(Records from a data collection)
□ □ □ □
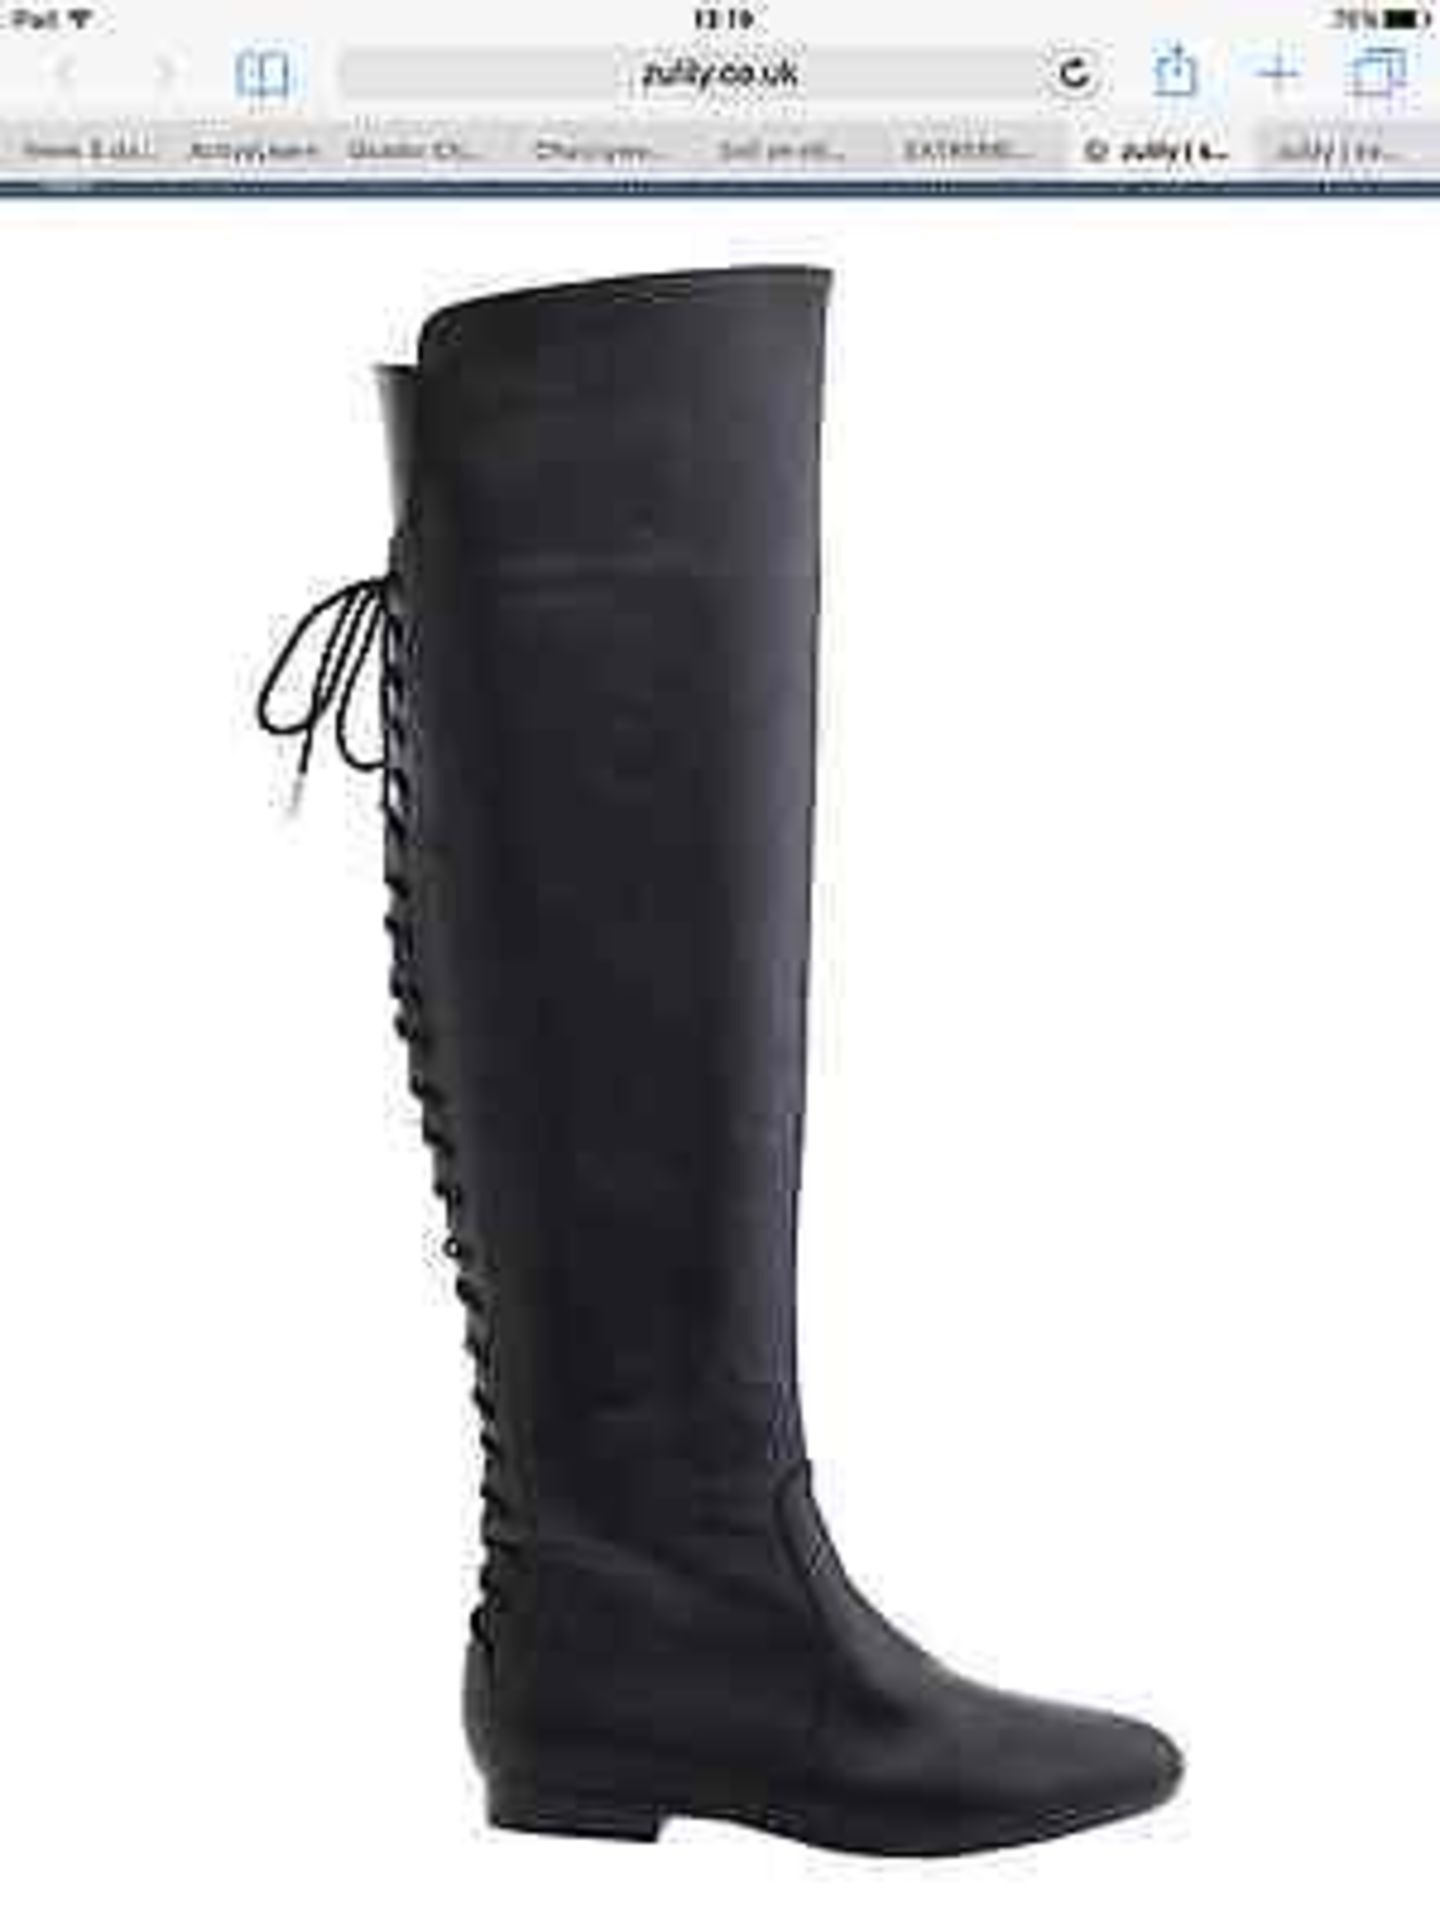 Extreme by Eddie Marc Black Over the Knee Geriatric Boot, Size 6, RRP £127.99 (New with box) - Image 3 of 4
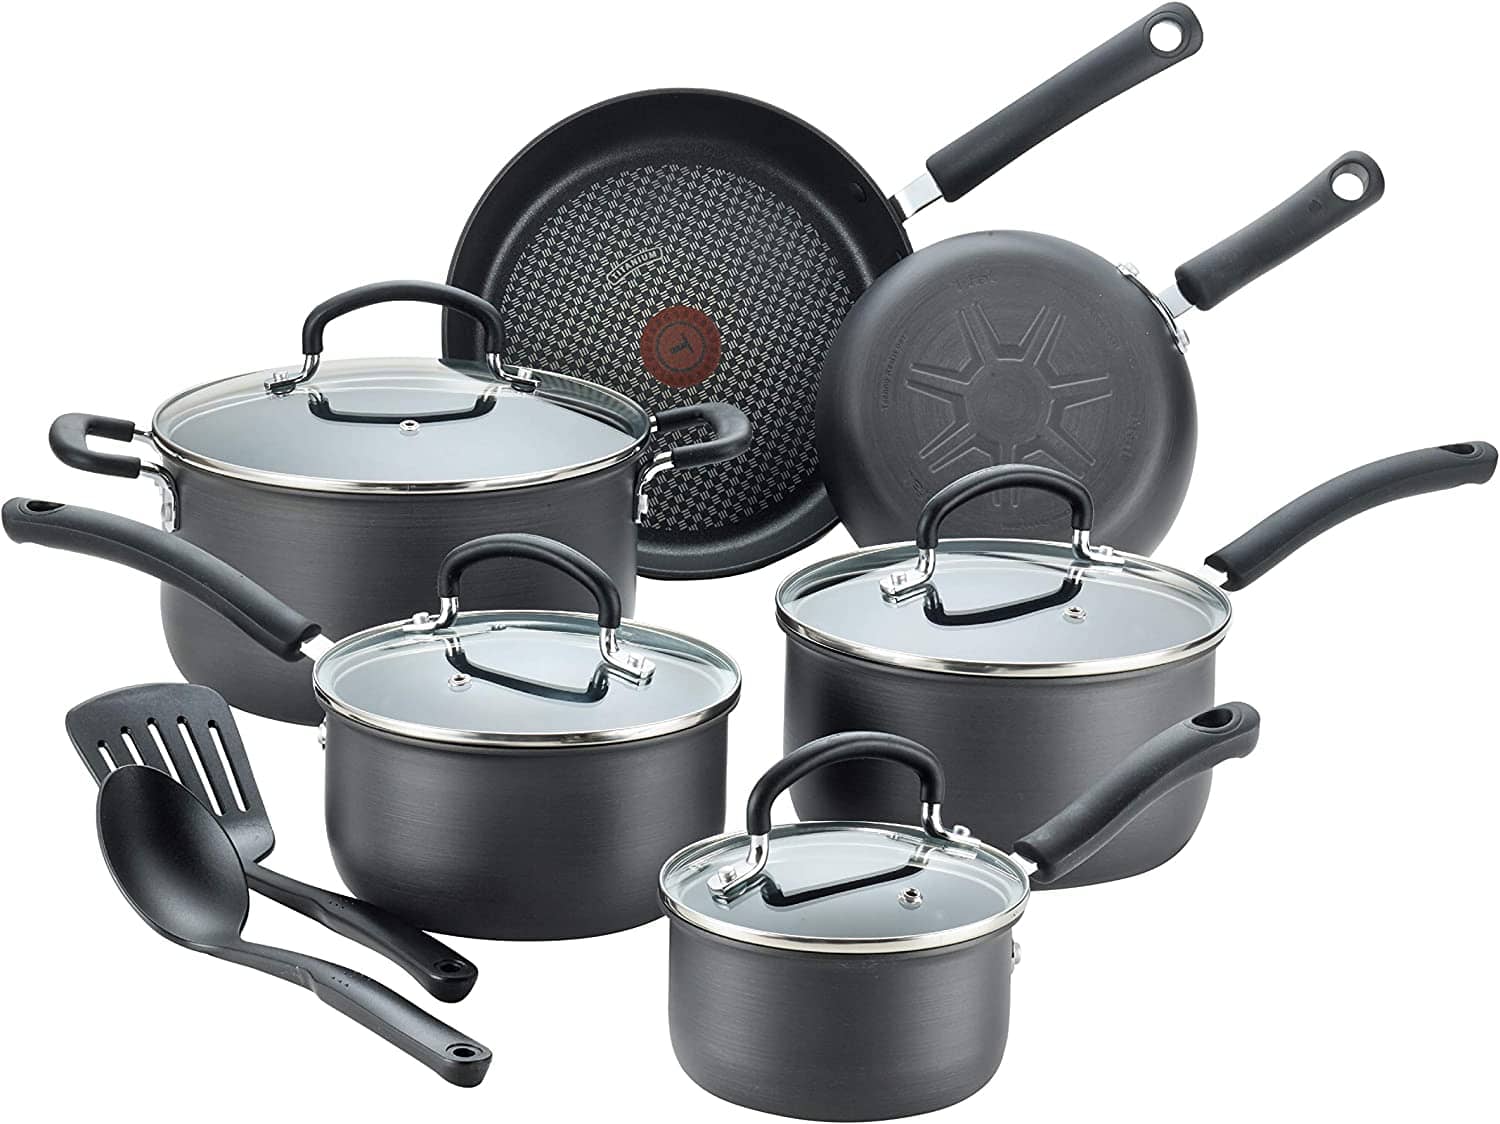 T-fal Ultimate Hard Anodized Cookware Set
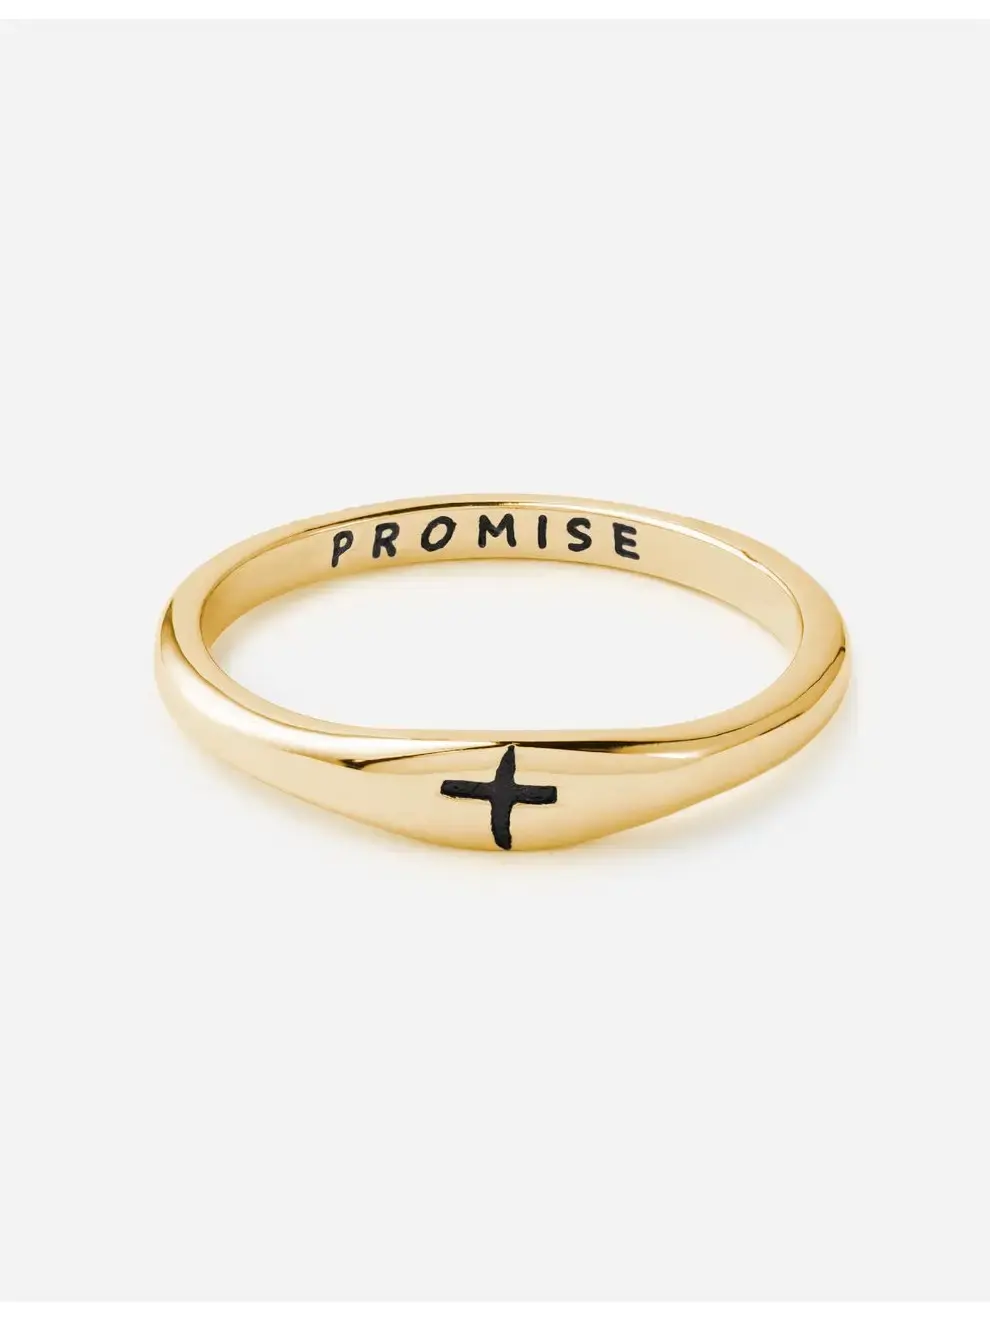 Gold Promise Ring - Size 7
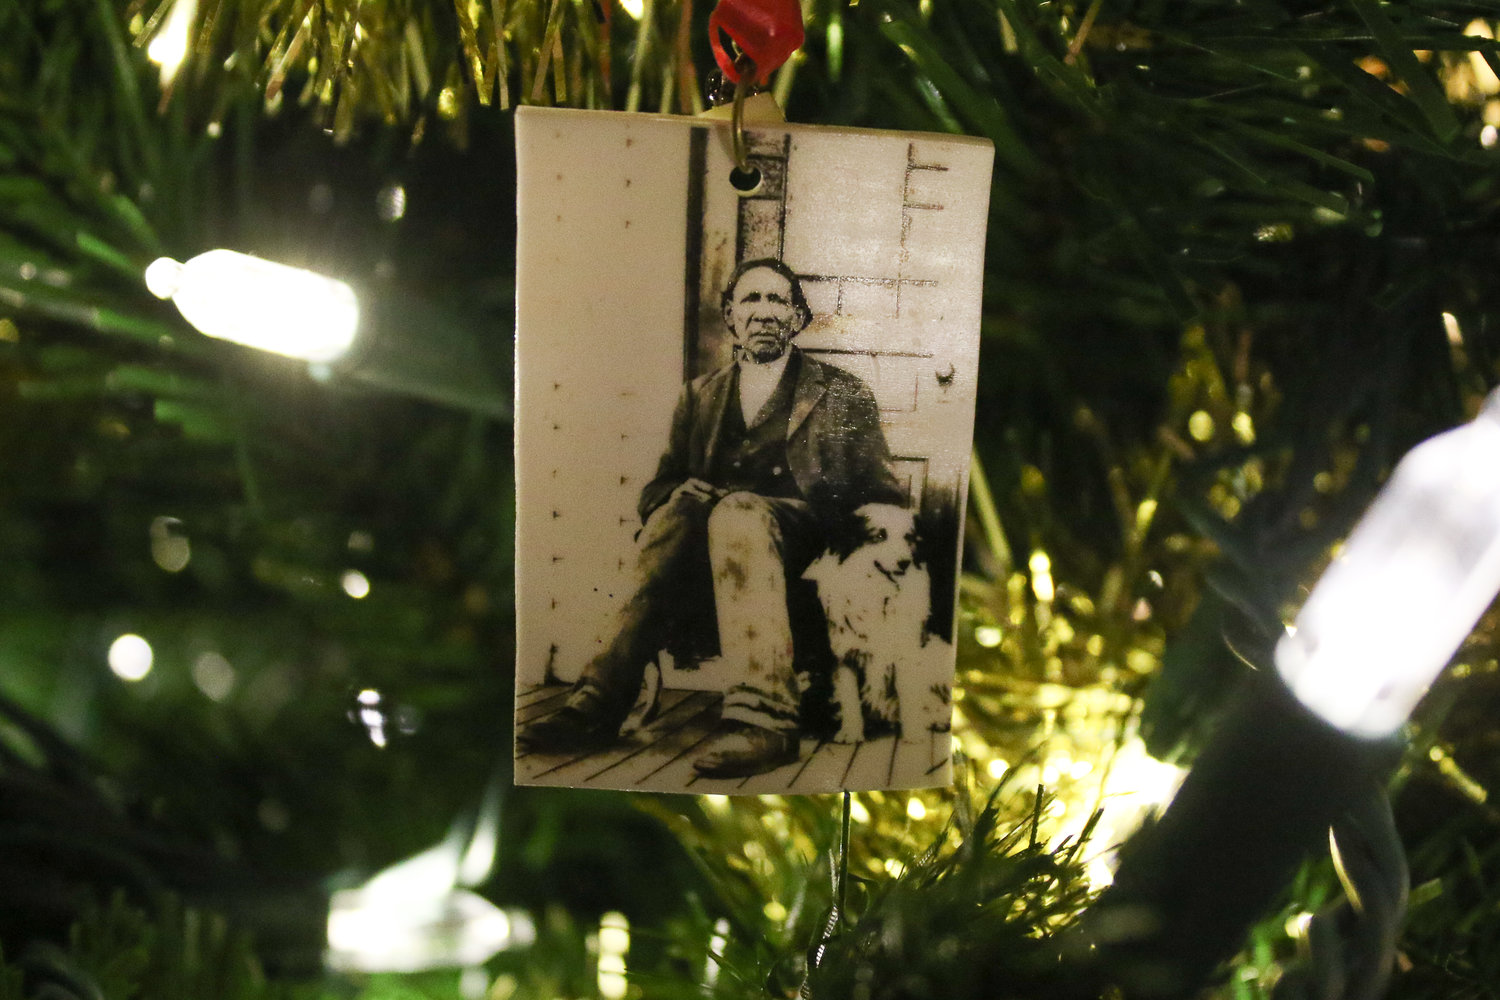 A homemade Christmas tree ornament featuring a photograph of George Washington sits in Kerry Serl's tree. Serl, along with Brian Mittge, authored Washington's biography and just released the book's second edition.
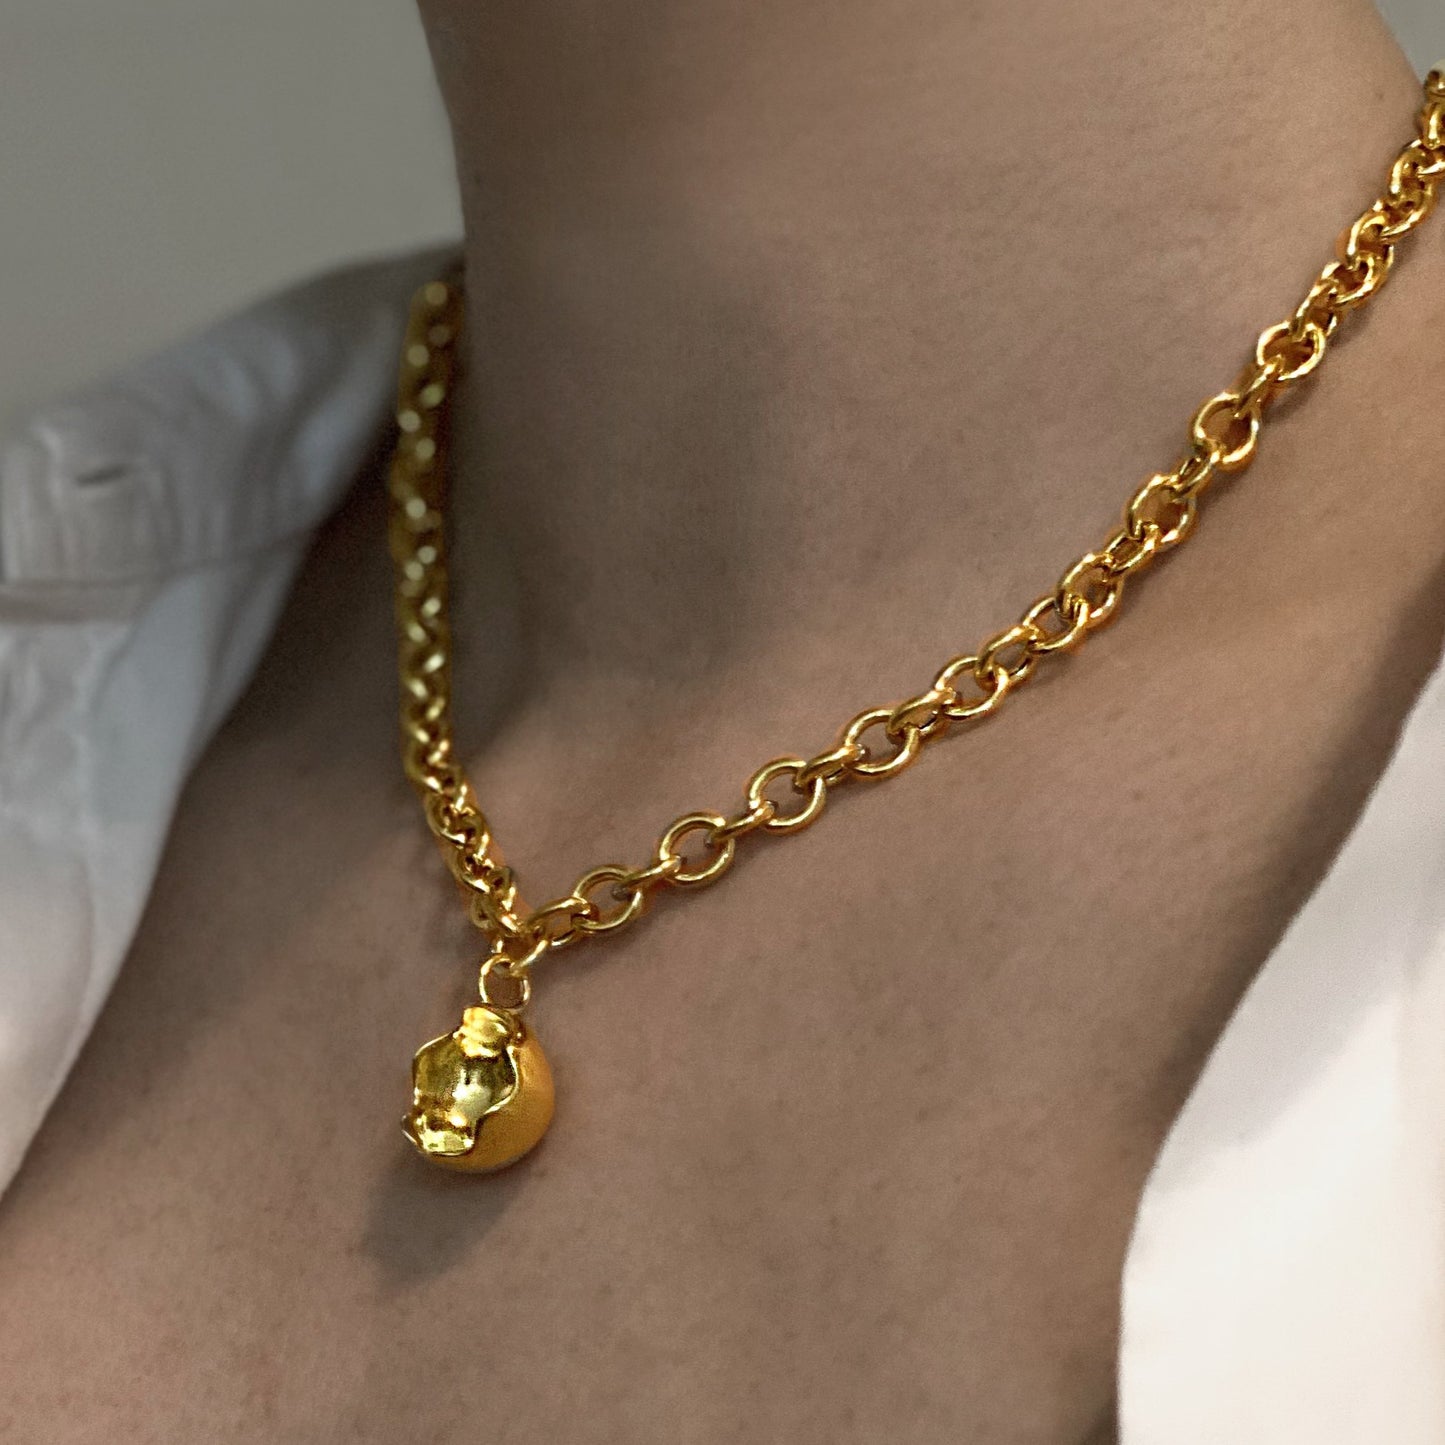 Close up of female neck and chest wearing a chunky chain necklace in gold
□ □ □ □
■ **TASK TO CARRY OUT**:
Leave images out of the retyped records; keep all else exact.

■ **RESULT OF THE TASK**:
 Extreme by Eddie Marc Black Over the Knee Geriatric Boot, Size 6, RRP £127.99 (New with box) - Image 3 of 4
 T-fal Ultimate Hard Anodized Cookware Set
 Gold Promise Ring - Size 7
 A homemade Christmas tree ornament featuring a photograph of George Washington sits in Kerry Serl's tree. Serl, along with Brian Mittge, authored Washington's biography and just released the book's second edition.
 Close up of female neck and chest wearing a chunky chain necklace in gold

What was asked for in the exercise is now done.